I have decided to write a play. A one-act play, in time to submit to the Pittsburgh New Works festival contest – deadline, early April. I have decided to write a play, a one-act play, in time to submit to the Pittsburgh New Works festival contest, deadline, early April and I am putting my commitment out here on my blog for personal and public accountability.
I’ve been a little lost in terms of my writing ever since I wrote the first draft of my novel, realized it was the very definition of first novel and probably not worth working on any longer and boxed it, along with all of the writing from my twenties, and moved it to the third floor of the house. The physicality of this act was extremely satisfying, enough so that I didn’t do anything digitally like store the writing on a jump drive and then pack the jump drive away…no, my digital files remain in the same limbo they always have, organized into folders that I don’t look at anymore. It’s a pretty decent system.
I just haven’t known what to tackle next. It’s not for lack of inspiration – I constantly play around with ideas – a mystery novel! An essay! That book on marriage I always talk about! Convincing myself to commit to a project, though, has been much more difficult…probably because I know how much work will be involved once I begin.
But this I know – I have to be writing something. Even if I never make a career of writing (well, creative writing – I do write for a living – you know what I mean) , which I am actually more okay with than I ever thought I would be, I have an artistic streak that needs to be nurtured. It’s the element of my character that has me considering things like pottery classes and taking up impressionist painting or maybe taking a hip hop jazz class – I care about my job and I love my family like crazy but I’ve always needed something else.
Hmm, I feel this post quickly turning into thoughts on whether one can be an artist and work in a non-artistic environment, and if so how, and etcetera…let’s agree I will post on that subject within the month so I can move forward and discuss my decision to write a play…

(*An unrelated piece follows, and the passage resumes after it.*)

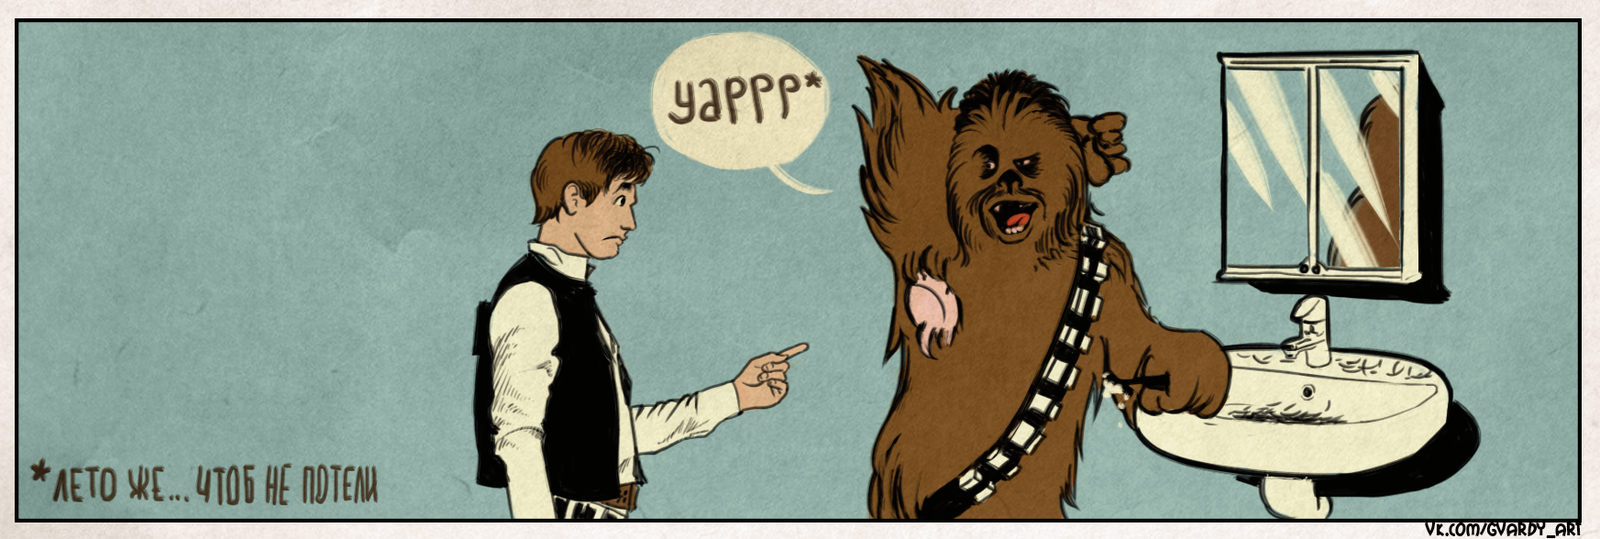 Here comes the summer... - My, Comics, Web comic, Chewbacca, Han Solo, Summer

I decided to write a play because it combines two of the things I am most passionate about – theater and writing – without forcing the kind of nighttime away-from-home commitment acting used to require. What’s more, for a long time now I’ve been complaining to anyone who will listen that I’m sick of hearing, reading, and God forbid, seeing the same plays over and over and over again. If I never see “A Mid-Summer Night’s Dream” , “Agamemnon”, “Steel Magnolias,” “Annie,” or “Nunsense” again I will be okay.
What’s even more appealing is the fact that there is an actual deadline I must adhere to, with an actual, tanglibe reward…none of this completing a novel and possibly submitting but also contemplating a host of other options like self-publishing or only publishing for e-readers or moving to a beta group first…instead, I write a play, bring in some actor friends to read through it, revise, read through, revise and submit. I also am really enjoying how already the process is bringing me back to my second love (the theater will always be my second love, I guess, because I started writing before I began acting, although I certainly approached acting with a lot more intensity and determination than I did writing, for a while) – I’m reading plays and thinking about seeing certain productions and remembering what it was like, once, to so totally immerse oneself in a world.
Do you ever write a post and realize that really you are writing at least three posts in one, if not more? I first began veering off with my struggle trying to balance creativity with the rest of my life and suddenly I want to write about my history with acting and theater, which I don’t believe I’ve fully detailed here before. So, hazaah…two more blog ideas (not that what I need is more blogging ideas…what I need is more time to blog).
As for the play itself, I’m walking around with the glimmer of an idea, the same way I walk around with ideas for essays and novels and short stories. Right now it’s shimmery – just out reach – but I’m letting it dance around out there while I do eminently enjoyable things like read Sam Shephard. I have no idea how this is going to work out, but it’s the something I needed to round out my days, and how I spend them.